::: Information shown

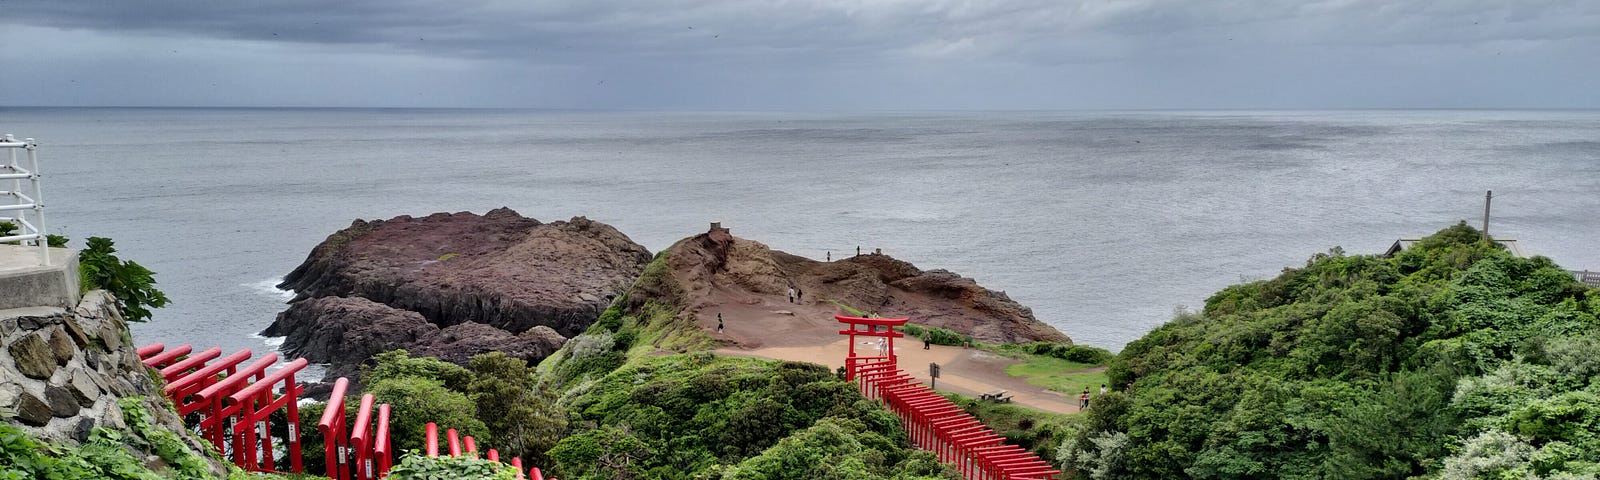 Motonosumi Inari Shrine — a picture of a row of torii gates located by the coast in Northern Yamaguchi prefecture.
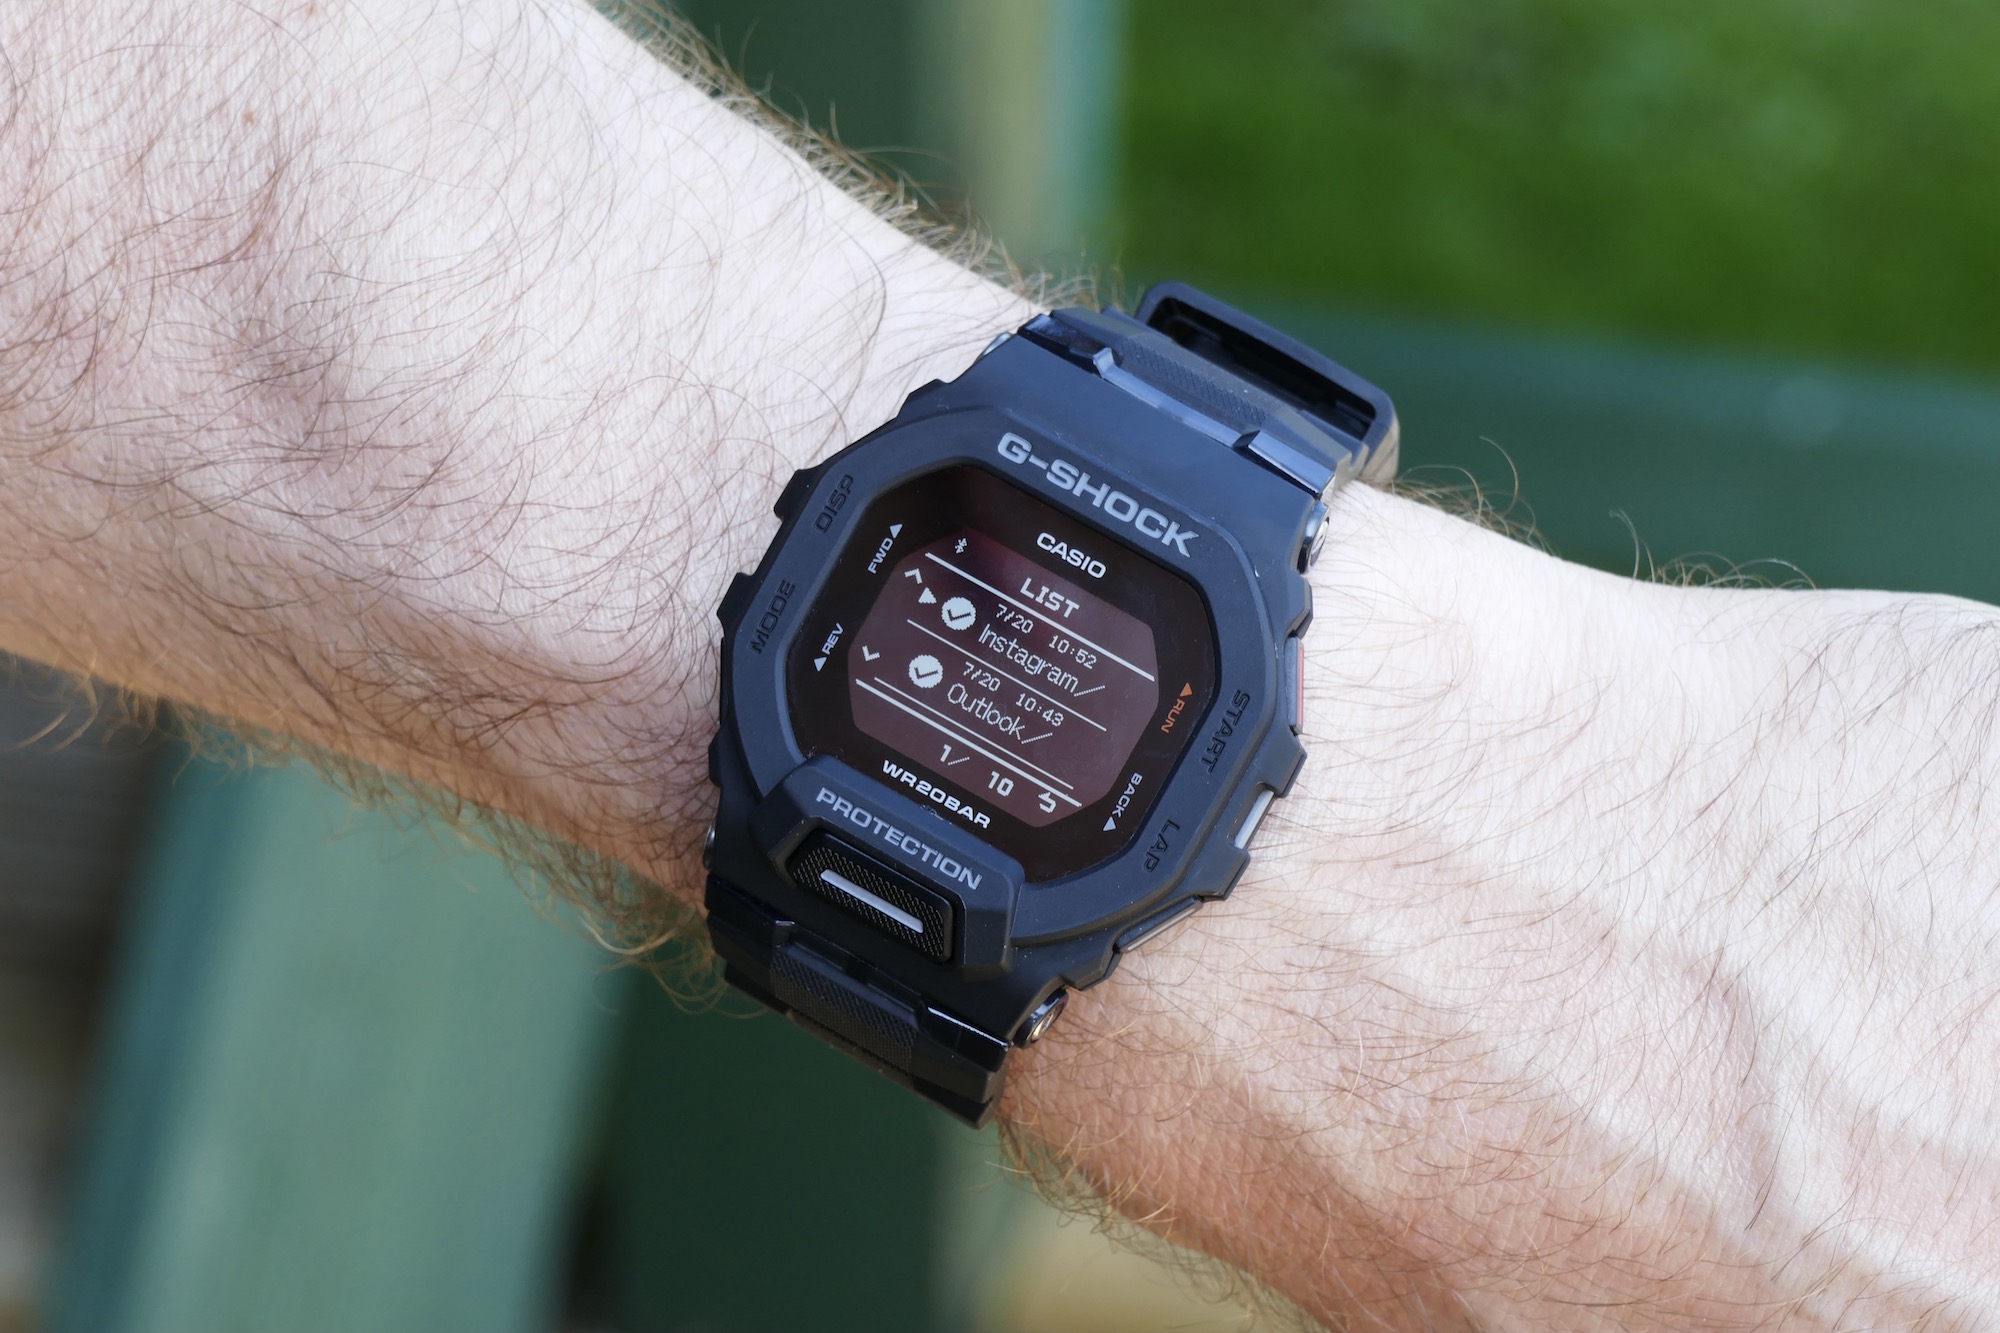 Balanced G-Shock Digital Casio | Perfectly GBD-200 Review: Trends
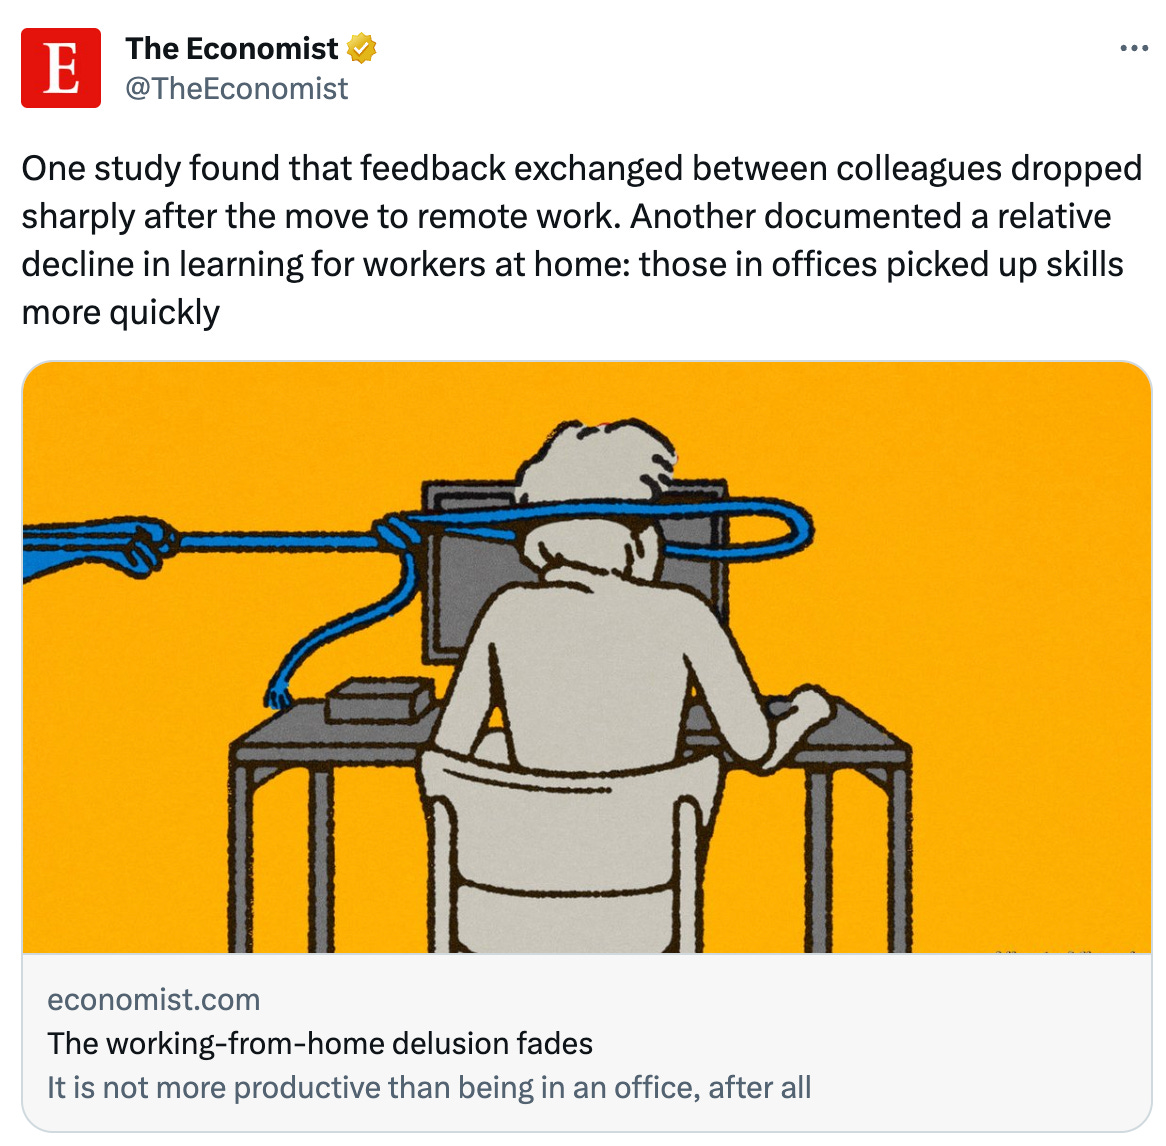  The Economist @TheEconomist One study found that feedback exchanged between colleagues dropped sharply after the move to remote work. Another documented a relative decline in learning for workers at home: those in offices picked up skills more quickly economist.com The working-from-home delusion fades It is not more productive than being in an office, after all

::::::

## Exercise goal
Leave the pictures out, and print every line of the listing exactly as written.

## Exercise response
 Motonosumi Inari Shrine — a picture of a row of torii gates located by the coast in Northern Yamaguchi prefecture.
 Balanced G-Shock Digital Casio | Perfectly GBD-200 Review: Trends
  The Economist @TheEconomist One study found that feedback exchanged between colleagues dropped sharply after the move to remote work. Another documented a relative decline in learning for workers at home: those in offices picked up skills more quickly economist.com The working-from-home delusion fades It is not more productive than being in an office, after all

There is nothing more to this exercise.